Даже Москва, а вместе с нею и Алоизия представлялись ему уже вовсе не обязательными для обустройства, и, может, даже лучше было бы в Москву не возвращаться, а поселиться здесь, у моря, круглый год слушать прибой и принимать мацестинские ванны, жить тем, что Бог пошлет, и ставить перед собой легко достижимые цели.
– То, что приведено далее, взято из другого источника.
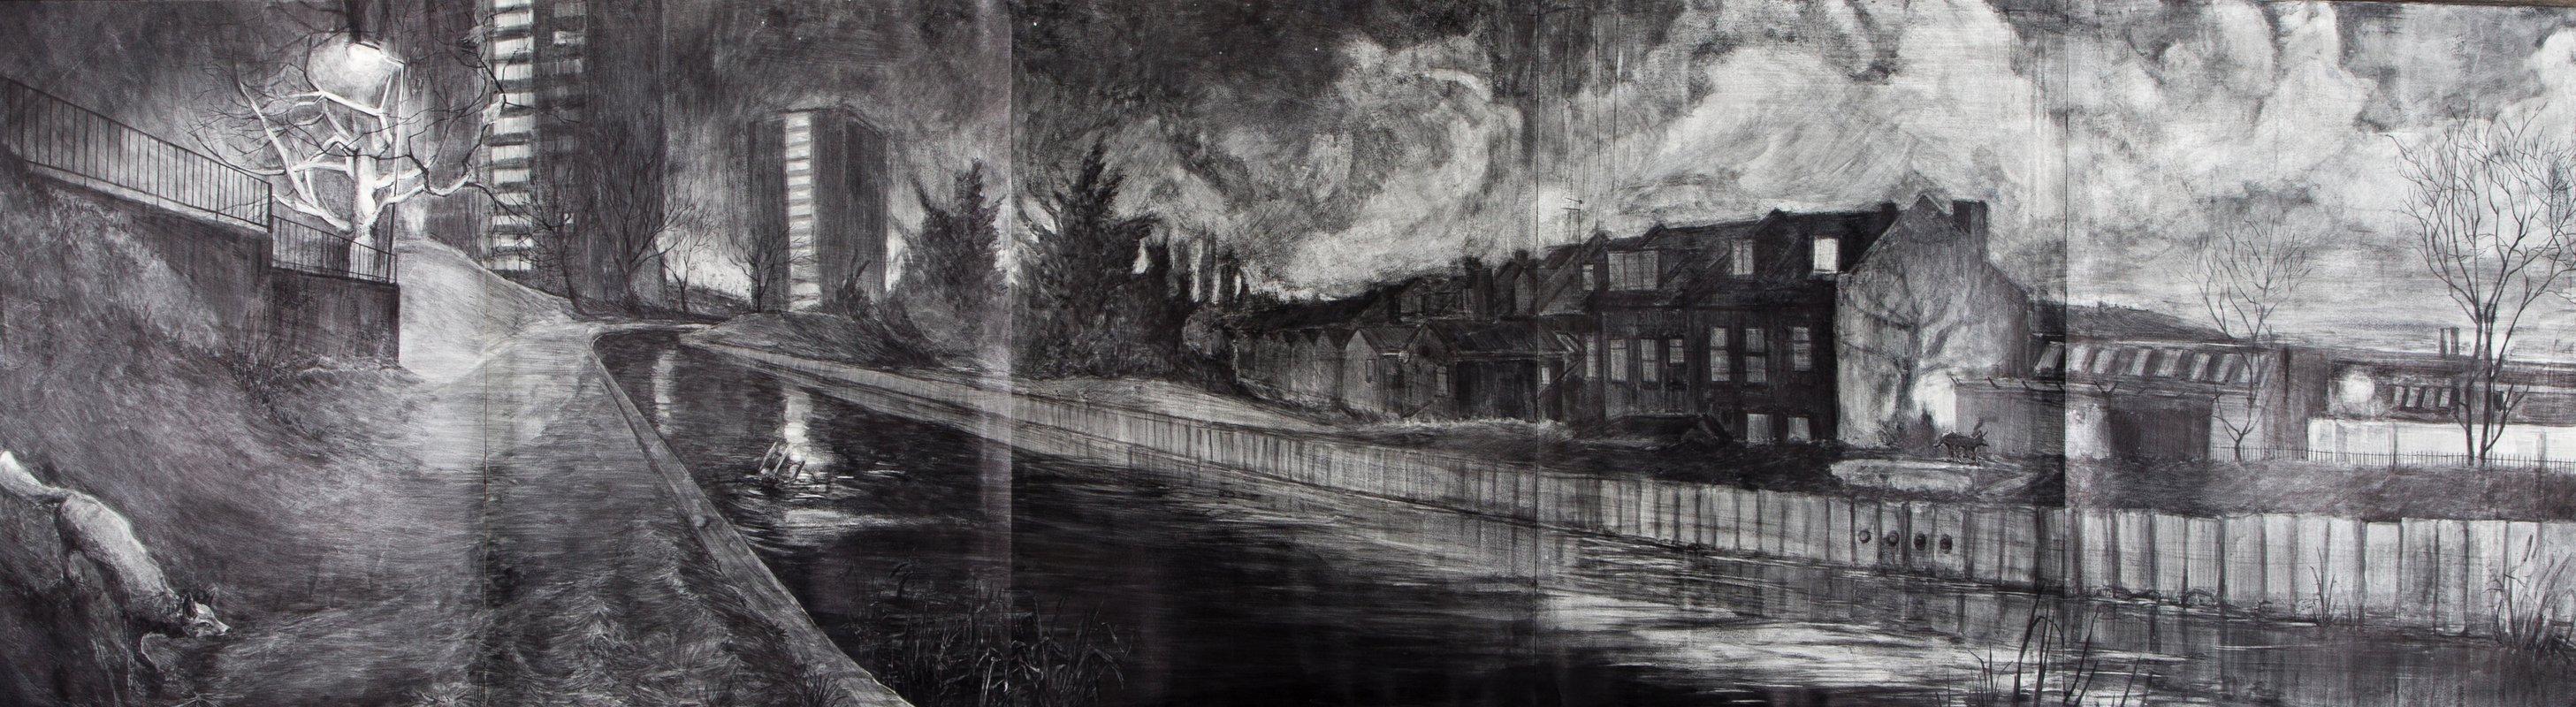 Canal Nocturne<span>Copyright Geraint Ross Evans</span>
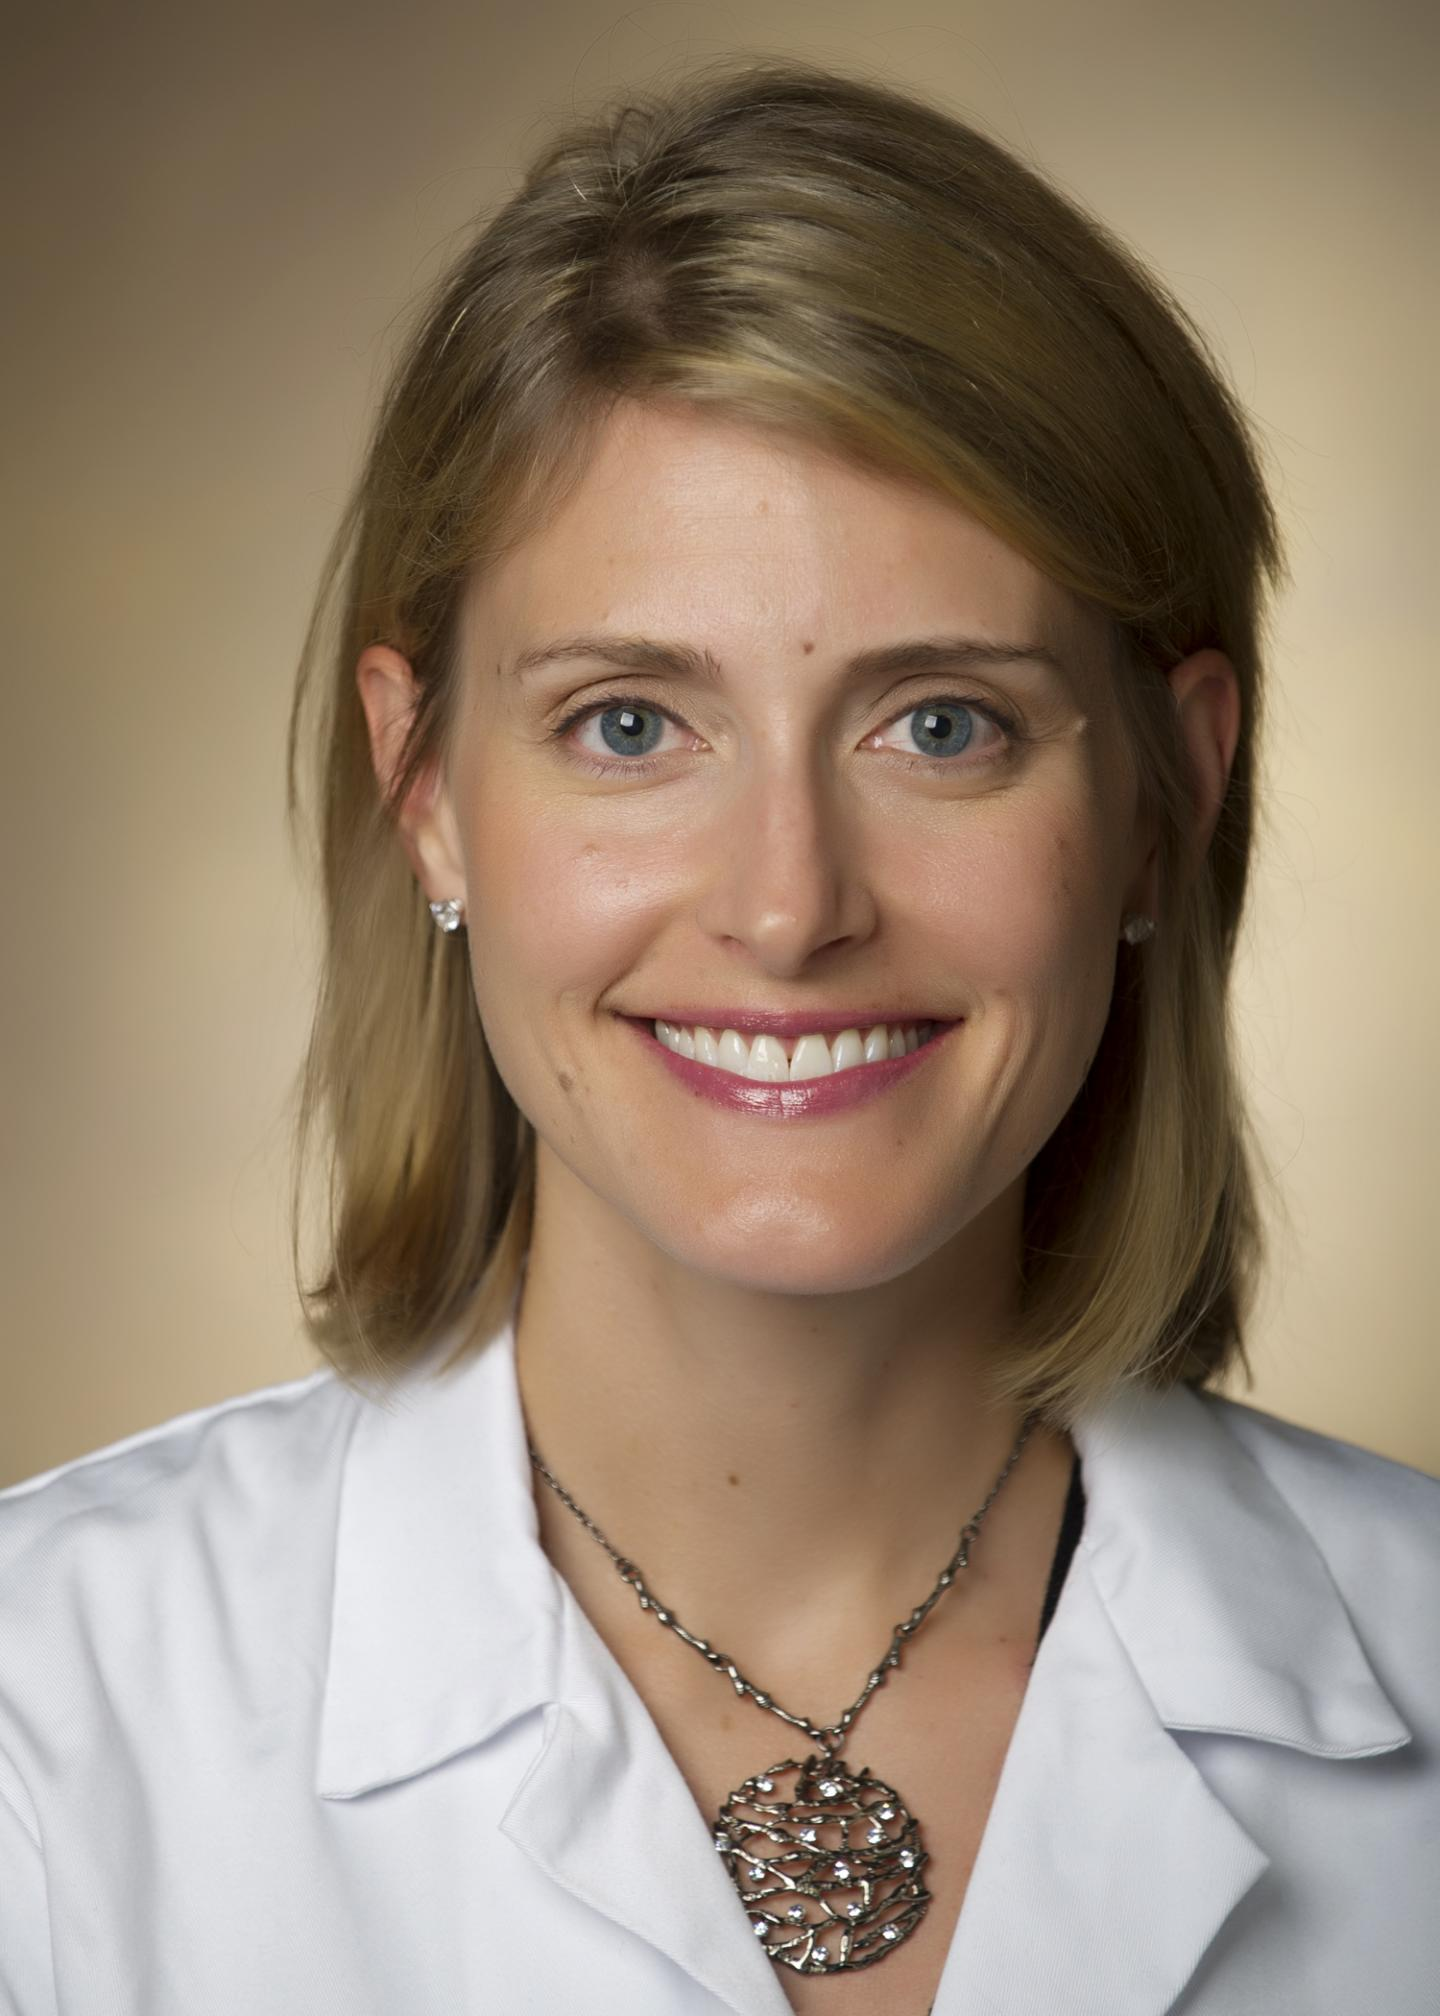 Dr. Kelly Schlendorf, Vanderbilt University Medical Center

В пятый день их новой жизни Першин отправился на рынок один. Накануне они поздно вернулись из ресторана, и Веру он будить не стал, а взял корзину для фруктов и пошел по извилистой приморской улочке, поеживаясь от утренней прохлады и напевая арию Дон‑Жуана.
Несмотря на раннее время и бешеные цены, рынок кишел покупателями. Першин с удовольствием ходил между прилавками с абрикосами, виноградом, гранатами, перцами, покупал всего понемногу (соблюдая табу на мясные продукты на время отпуска), пробовал и складывал в корзину.
Чья‑то огненно‑рыжая высокая прическа привлекла его внимание. Протиснувшись к прилавку, сплошь уставленному сотами и банками с медом, он пригляделся к знакомому лицу.
Ничего странного во встрече москвичей на южном курорте не было, но от цветущего вида Натальи Иосифовны Масличкиной, неделю тому схоронившей дочь, Першину стало не по себе. Яркий наряд, шляпа с широкими полями, большие розовые очки в дорогой оправе на полном, покрытом ровным слоем загара лице – все в ней смутило Першина, остановило порыв подойти и выразить соболезнование. Судя по золотозубой улыбке, госпожа Масличкина в участии не нуждалась. Он еще потоптался, понаблюдал за нею искоса и собрался уходить, как она вдруг повернулась в его сторону и задержала на нем растерянный взгляд, и тогда уже ретироваться было невежливо. Першин кивнул, но ответного кивка не дождался: Масличкина гордо вскинула голову и, растолкав покупателей, поспешно удалилась.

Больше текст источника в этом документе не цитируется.